▶ [RECORDED DATA]:
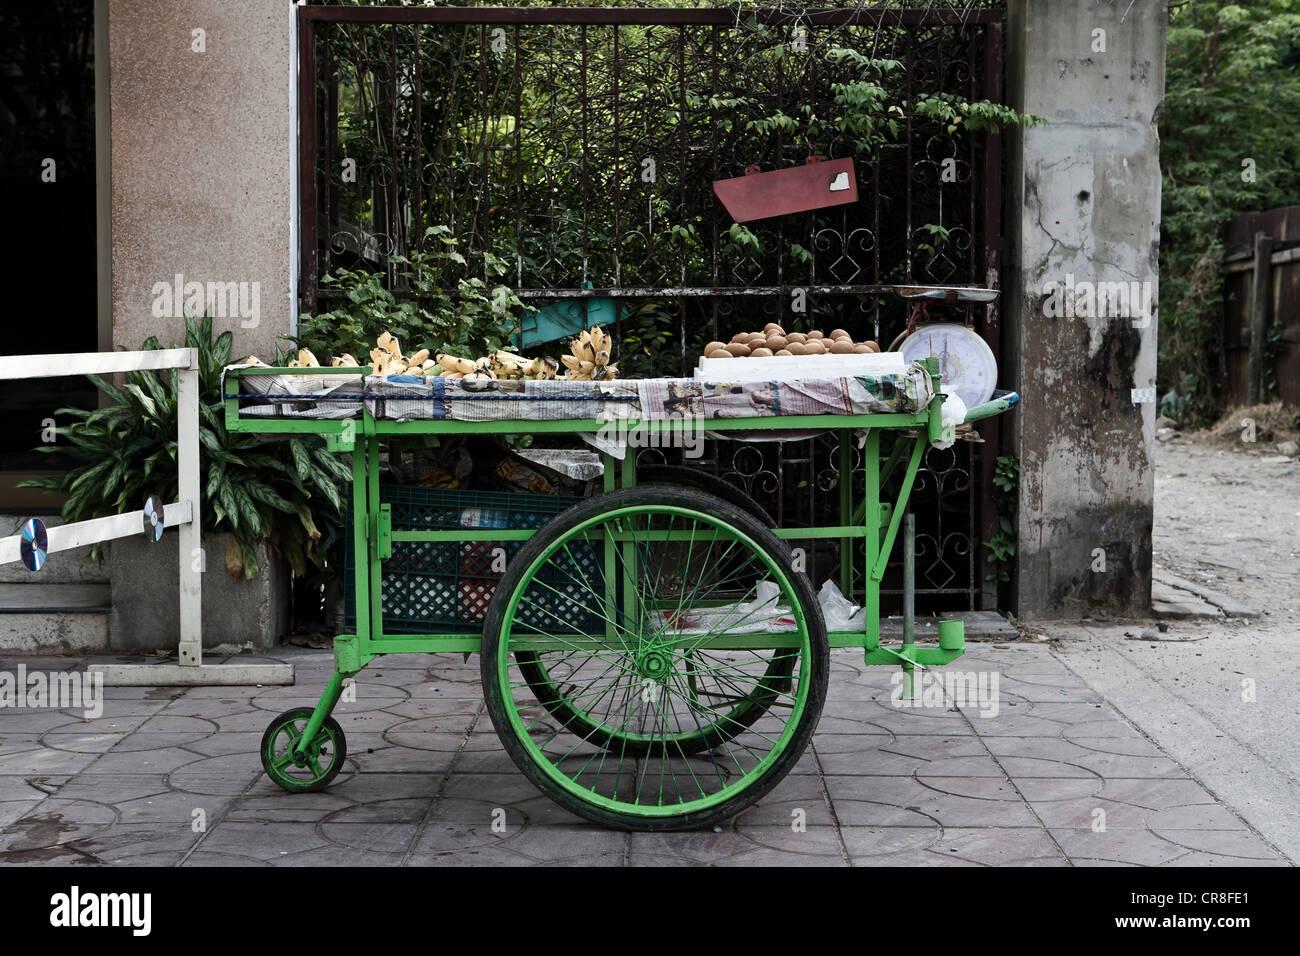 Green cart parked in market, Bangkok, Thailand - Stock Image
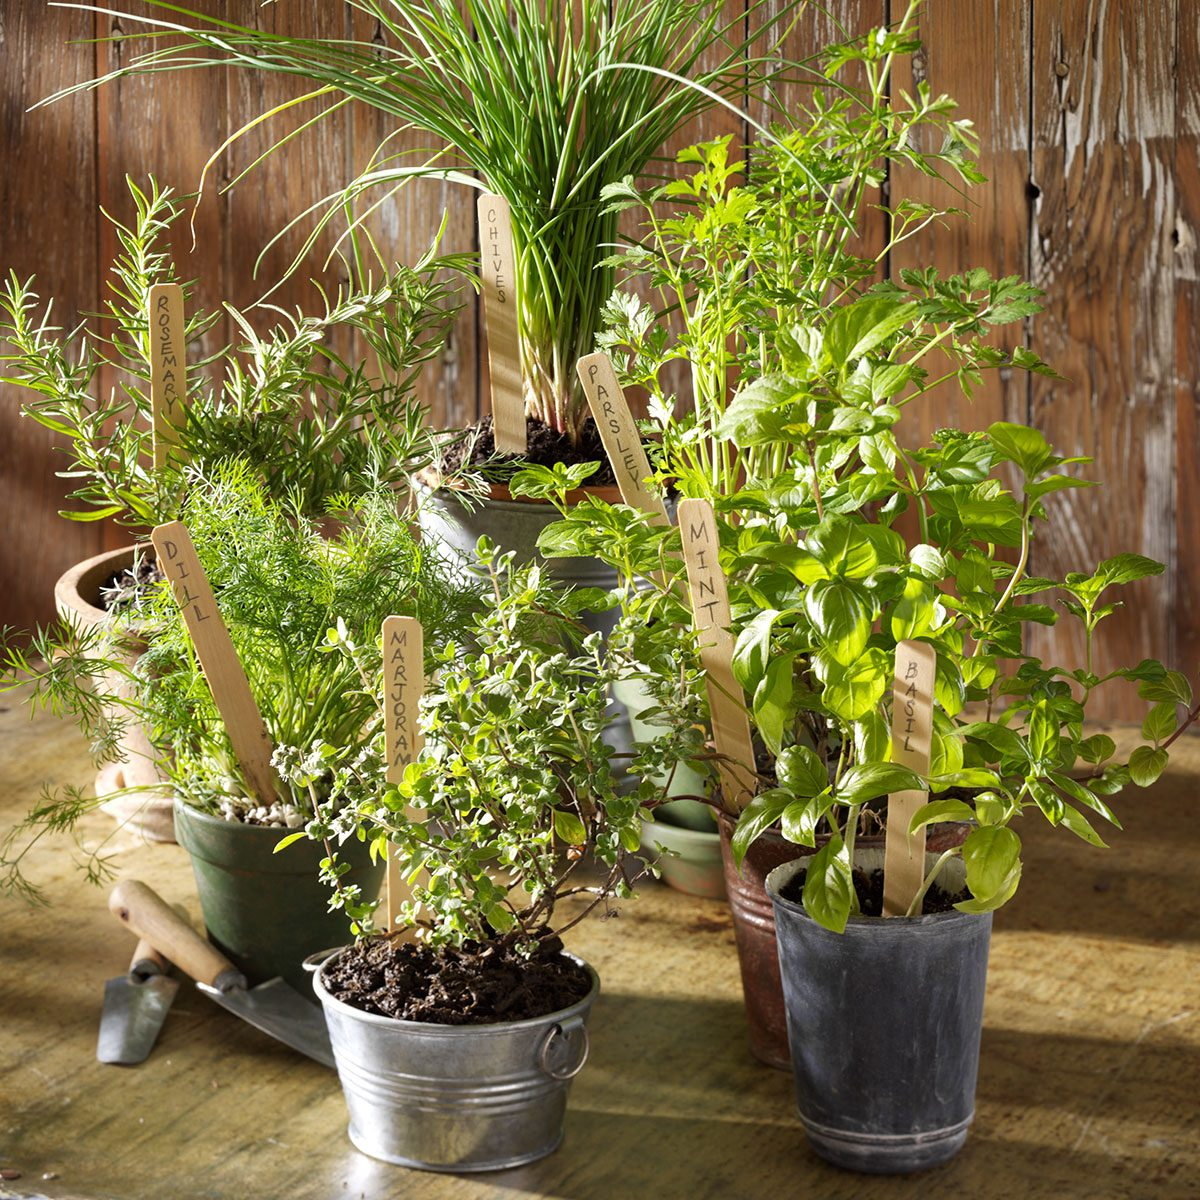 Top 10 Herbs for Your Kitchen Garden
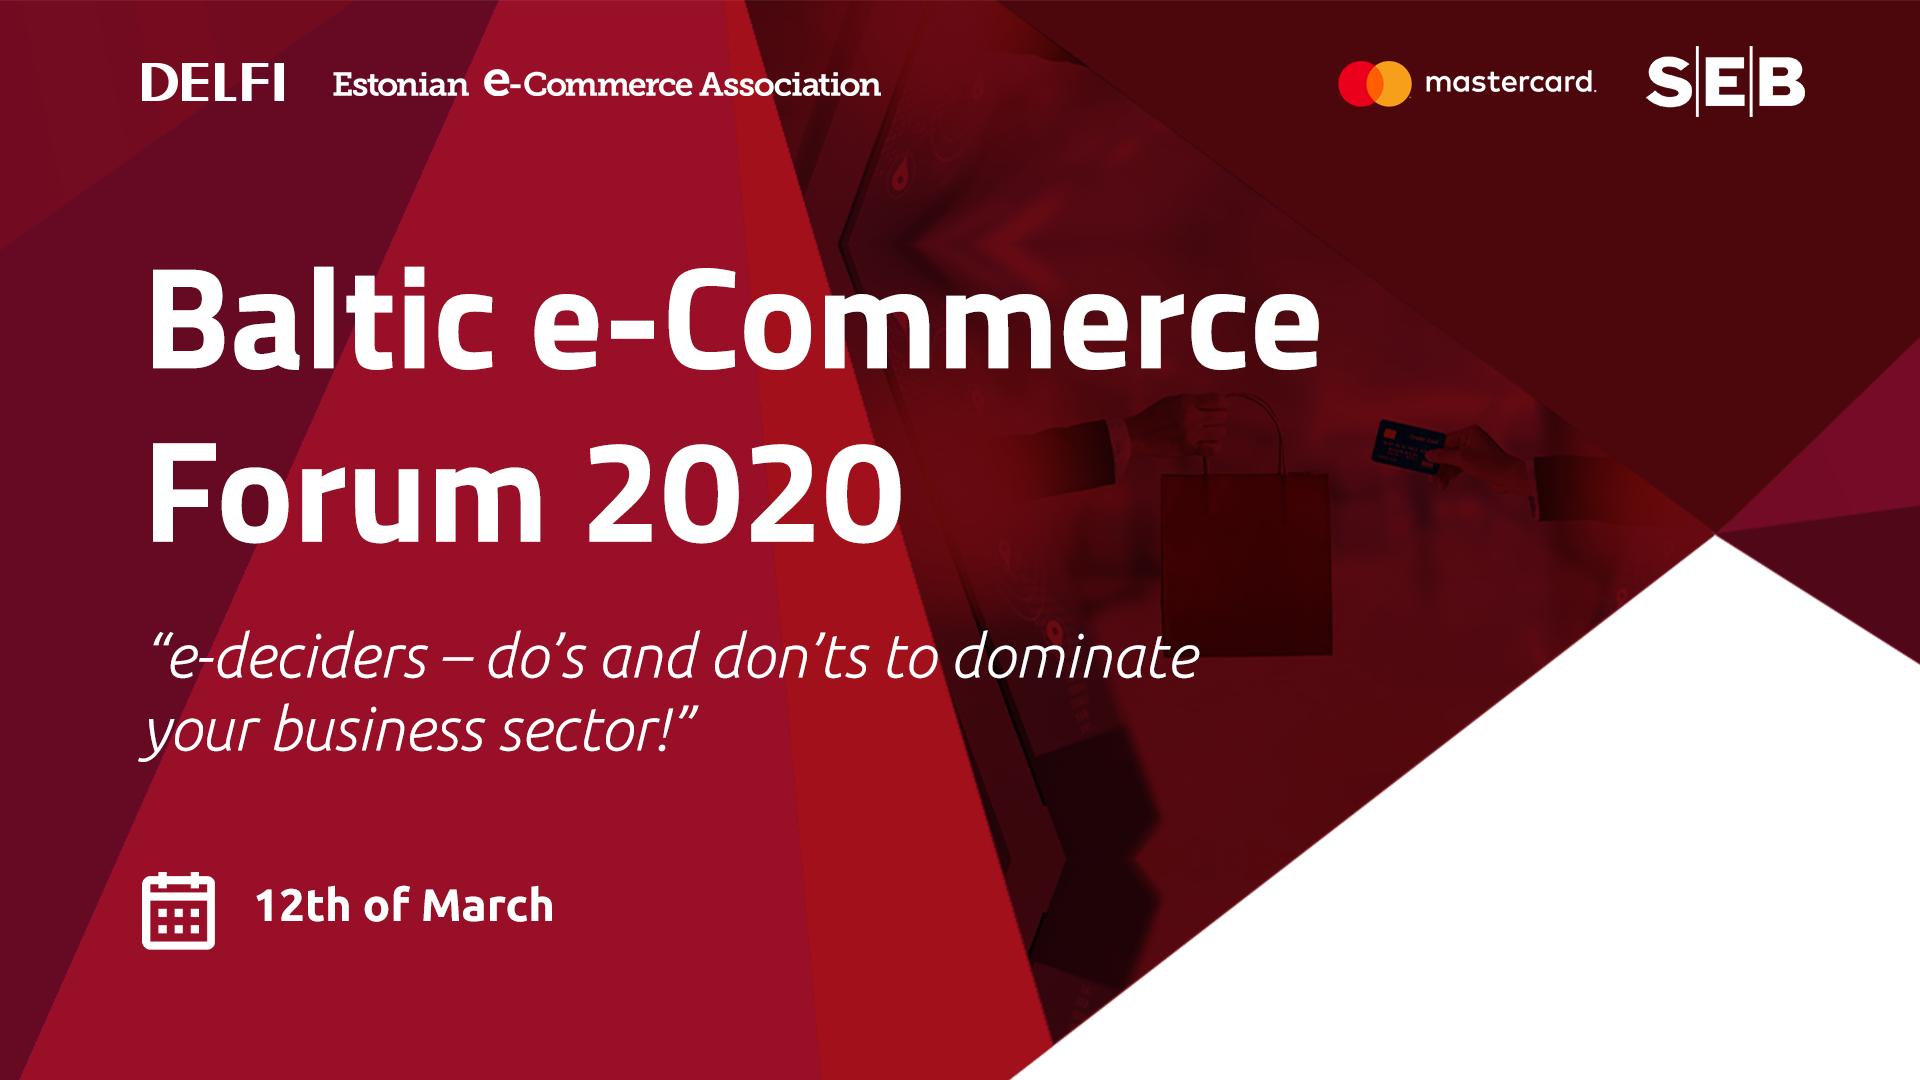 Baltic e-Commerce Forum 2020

▶ [TASK DIRECTIONS]: Once the pictures are removed, copy the material above exactly.

▶ [WRITTEN ANSWER]:
 Green cart parked in market, Bangkok, Thailand - Stock Image
 Top 10 Herbs for Your Kitchen Garden
 Baltic e-Commerce Forum 2020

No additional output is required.